Predicted Airplane Predicted Boat Predicted Car
Actual Airplane Correct Prediction Incorrect Prediction Incorrect Prediction
Actual Boat Incorrect Prediction Correct Prediction Incorrect Prediction
Actual Car Incorrect Prediction Incorrect Prediction Correct Prediction

And for example, if we are trying to calculate the counts of TP, FP, FN, and TN for class Boat:

Predicted Airplane Predicted Boat Predicted Car
Actual Airplane True Negative False Positive True Negative
Actual Boat False Negative True Positive False Negative
Actual Car True Negative False Positive True Negative

Example: Multiclass

Let's take a look at a multiclass classification example and plot a confusion matrix. In this example, we have three classes: Airplane, Boat, and Car. The multiclass classifier outputs the following inferences:

Sample 1 Sample 2 Sample 3 Sample 4 Sample 5 Sample 6
Ground Truth Airplane Boat Car Airplane Boat Boat
Inference Airplane Boat Airplane Airplane Boat Car

A confusion matrix for this example can be plotted:

Predicted Airplane Predicted Boat Predicted Car
Airplane 2 0 0
Boat 0 2 1
Car 1 0 0

In a different case, these counts may be much higher:

Predicted Airplane Predicted Boat Predicted Car
Airplane 200 0 0
Boat 100 8,800 600
Car 100 0 1,000

This confusion matrix reveals that a model is very good at identifying the Boat class: 8,800 of 9,500 Boats were correctly predicted. Of the 700 incorrect Boat predictions, 600 were predicted as Car, and 100 were predicted as Airplane.

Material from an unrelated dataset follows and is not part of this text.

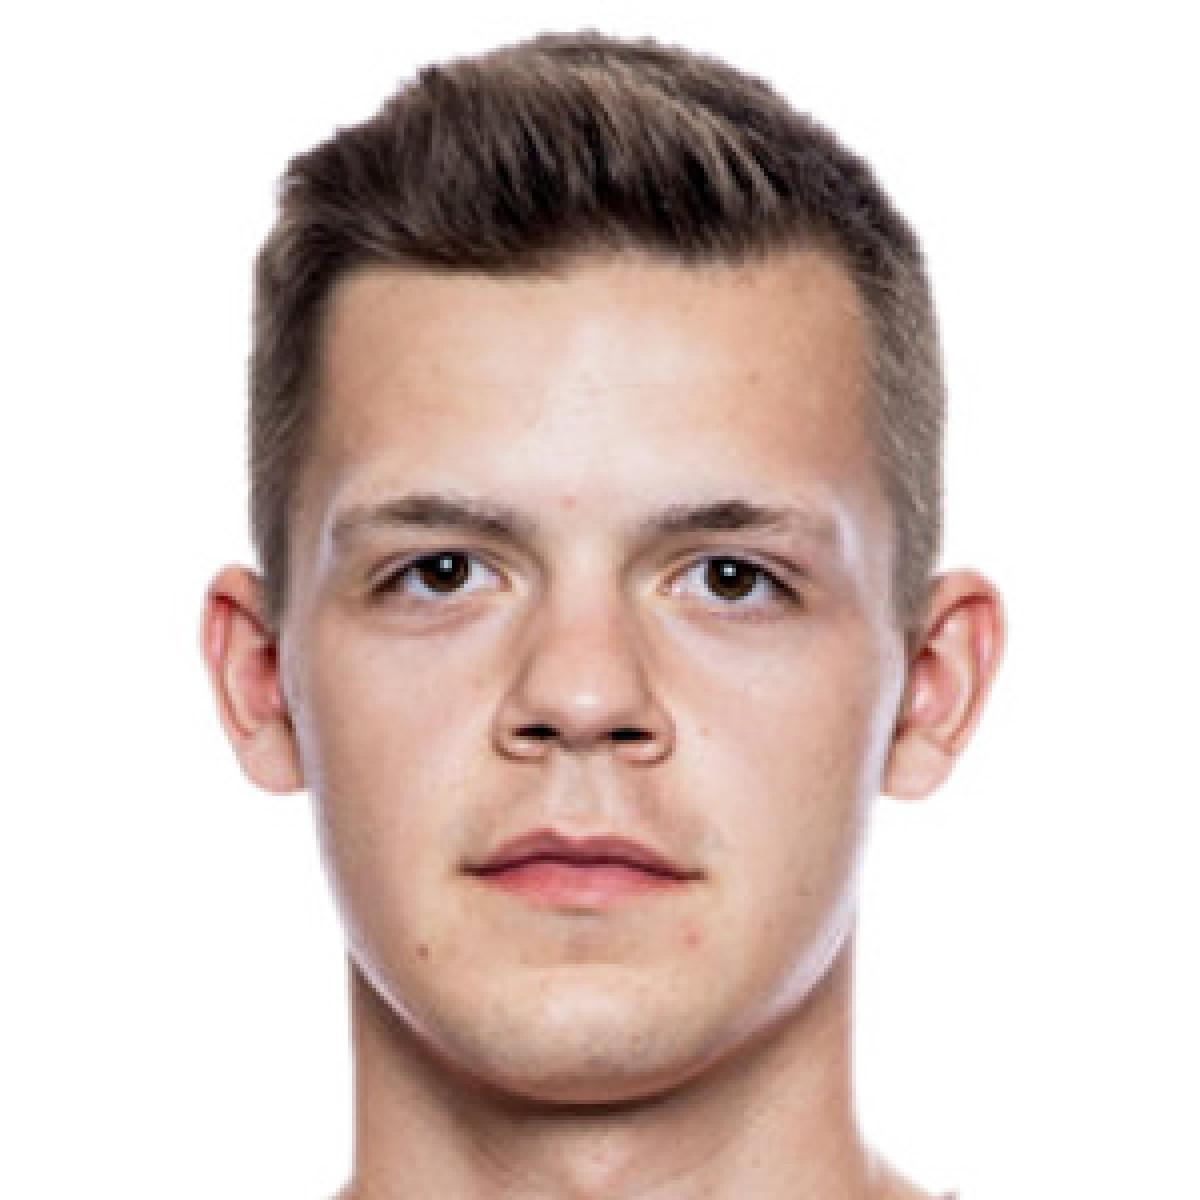 Lukas Rosenbohm

This confusion matrix indicates that when a model makes a Airplane inference, the model is correct half the time. If it is incorrect, it has labeled the Airplane as a Boat or a Car.

Whenever there is an actual Airplane class, the model never predicts that there is a different transportation object.

Normalization#

Sometimes it is easier to focus on class-level behavior if you are using a normalized confusion matrix. If confusion matrices are color-coded, normalizing can also create a better visual representation:

Example of normalized and colored confusion matrix Example of normalized and colored confusion matrix

You can normalize a confusion matrix by row (actual classes), column (predicted classes), or all (entire matrix). Each type of normalization surfaces a view sharing different information, which is outlined below.

Normalizing by row

For an actual class, this normalization allows us to see the proportion of correctly or incorrectly predicted objects for each predicted class. Notice that the diagonal values from this normalization match the recall per class. To normalize by row, divide each entry in that row by the sum of values within it. If we normalize the multiclass example by row, we get:

Predicted Airplane Predicted Boat Predicted Car
Airplane 1 0 0
Boat 0.01 0.93 0.06
Car 0.09 0 0.91

Normalizing by column

For a predicted class, this normalization allows us to see the proportion of instances predicted as a certain class that actually belong to each true class. Notice that the diagonal values from this normalization match the precision per class. To normalize by column, divide each entry in a column by the sum of values within that column. If we normalize the multiclass example by column, we get:

Predicted Airplane Predicted Boat Predicted Car
Airplane 0.5 0 0
Boat 0.25 1 0.375
Car 0.25 0 0.625

Normalizing by all

For each entry, this normalization allows us to see the overall proportion of instances that fall into a combination of an actual and predicted class. To normalize by all, divide each entry by the total sum of all the values in the matrix. If we normalize the multiclass example by all, we get:

Predicted Airplane Predicted Boat Predicted Car
Airplane 0.02 0 0
Boat 0.01 0.81 0.06
Car 0.01 0 0.09

Limitations and Biases#

Confusion matrices are great for the evaluation of models that deal with multiple classes. They are structured tables of numbers, which is its strength and weakness.

  1. Class imbalance: Confusion matrices can appear biased when dealing with imbalanced numbers of instances per class, leading to skewed numbers. This can be addressed by normalizing the matrix.
  2. Categorical evaluation: Confusion matrices have categorical outputs and do not surface any details for misclassifications. All misclassifications are treated equally, so there may be cases where classes are similar or hierarchically related, but confusion matrices will not account for these details.